One approach for global comparison is to plot the linear distance versus the contact frequency. The interaction frequency should decay with distance. However, the shape of the decay curve is often characteristic of a single experimental condition. Replicates should have similar decay curves, while conditions should have different ones.
hicPlotDistVsCounts --matrices ZmEn_1_10k_corrected.cool ZmEn_2_10k_corrected.cool ZmMC_1_10k_corrected.cool ZmMC_2_10k_corrected.cool -o plot_vs_counts.png
Another approach is to assess the correlation of counts between replicates and conditions. Replicates should have a higher correlation than conditions.
hicCorrelate --log1p --matrices ZmEn_1_10k.cool ZmEn_2_10k.cool ZmMC_1_10k.cool ZmMC_2_10k.cool --range 20000:500000 -oh between_matrix_cor_h.png -os between_matrix_cor_s.png
Sum matrices
A common practice in HiC data is to sum biological replicate matrices in order to increase sequencing depth, and thus matrix resolution. This can be done after checking that the biological replicates are indeed similar. It is advised to also conduct downstream analyses separately on each replicate to assess differences at those levels.

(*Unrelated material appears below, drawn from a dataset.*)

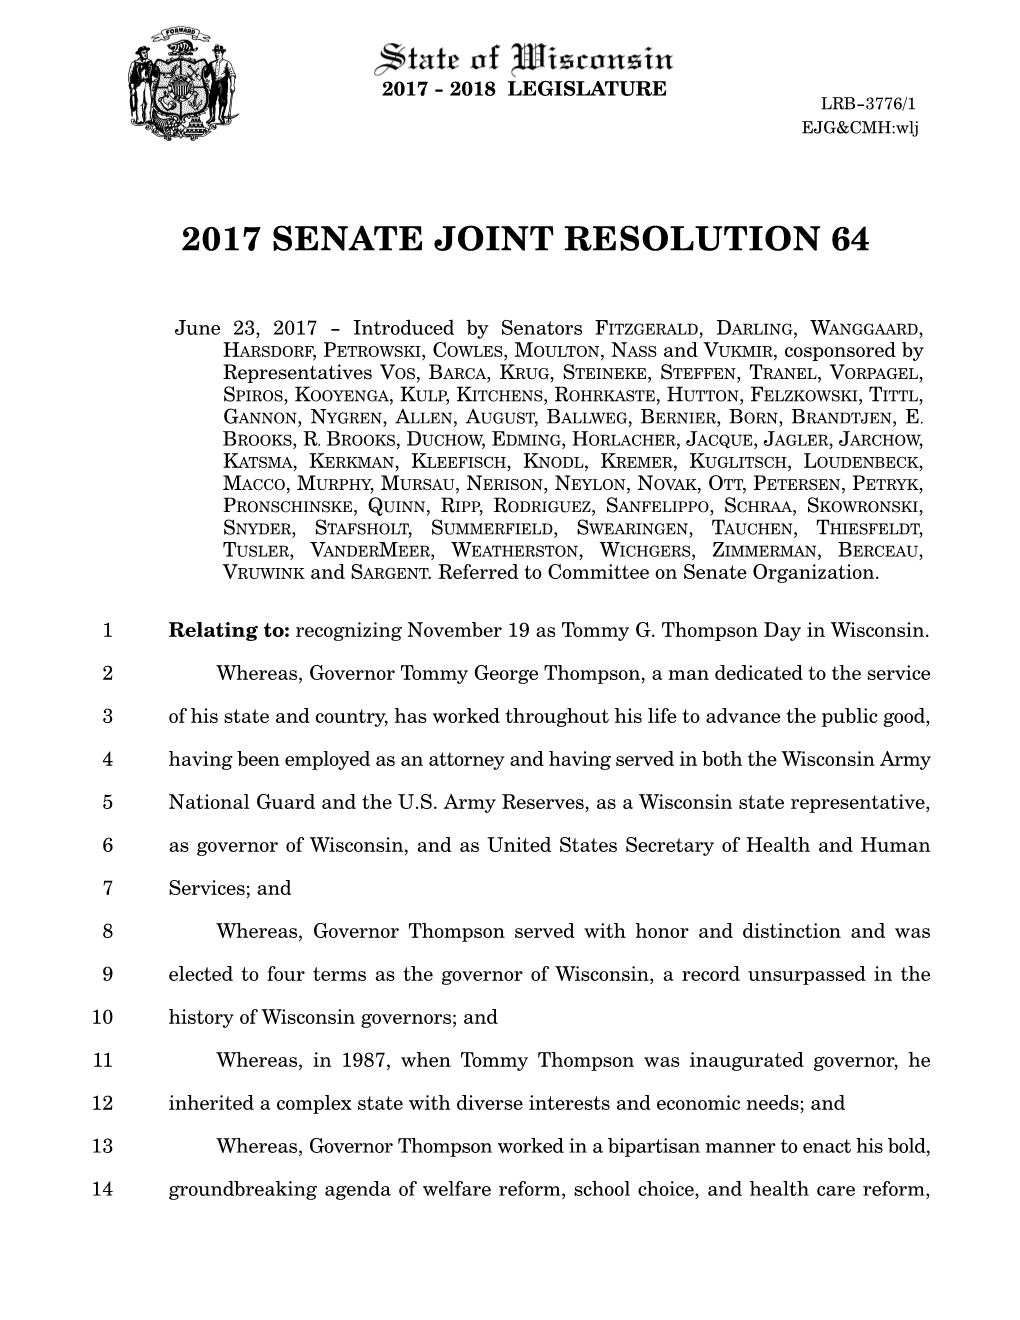 2017 Senate Joint Resolution 64

hicSumMatrices -m ZmEn_1_10k.cool ZmEn_2_10k.cool -o ZmEn_10k.cool
hicSumMatrices -m ZmMC_1_10k.cool ZmMC_2_10k.cool -o ZmMC_10k.cool
.hic
The .hic is mainly supported by juicer, juicer_tools, and juicebox from the Aiden lab. It is a binary format that stores a HiC matrix with multiple bin sizes and corrections in a single file.
Let’s convert our .pairs file to a .hic file.
The juicer_tools pre command bins and corrects the HiC matrix at several resolutions.
java -Xmx1G -jar /usr/local/src/juicer/juicer_tools_1.13.02.jar pre ZmEn_HiC_2_1_2.hicup.bsorted.pairs ZmEn_HiC_2.hic chr_file.txt
The resulting .hic file stores the matrix at various resolutions, as well as different corrections. This file can be directly uploaded to juicebox for visualization, and is ready to use with juicer_tools.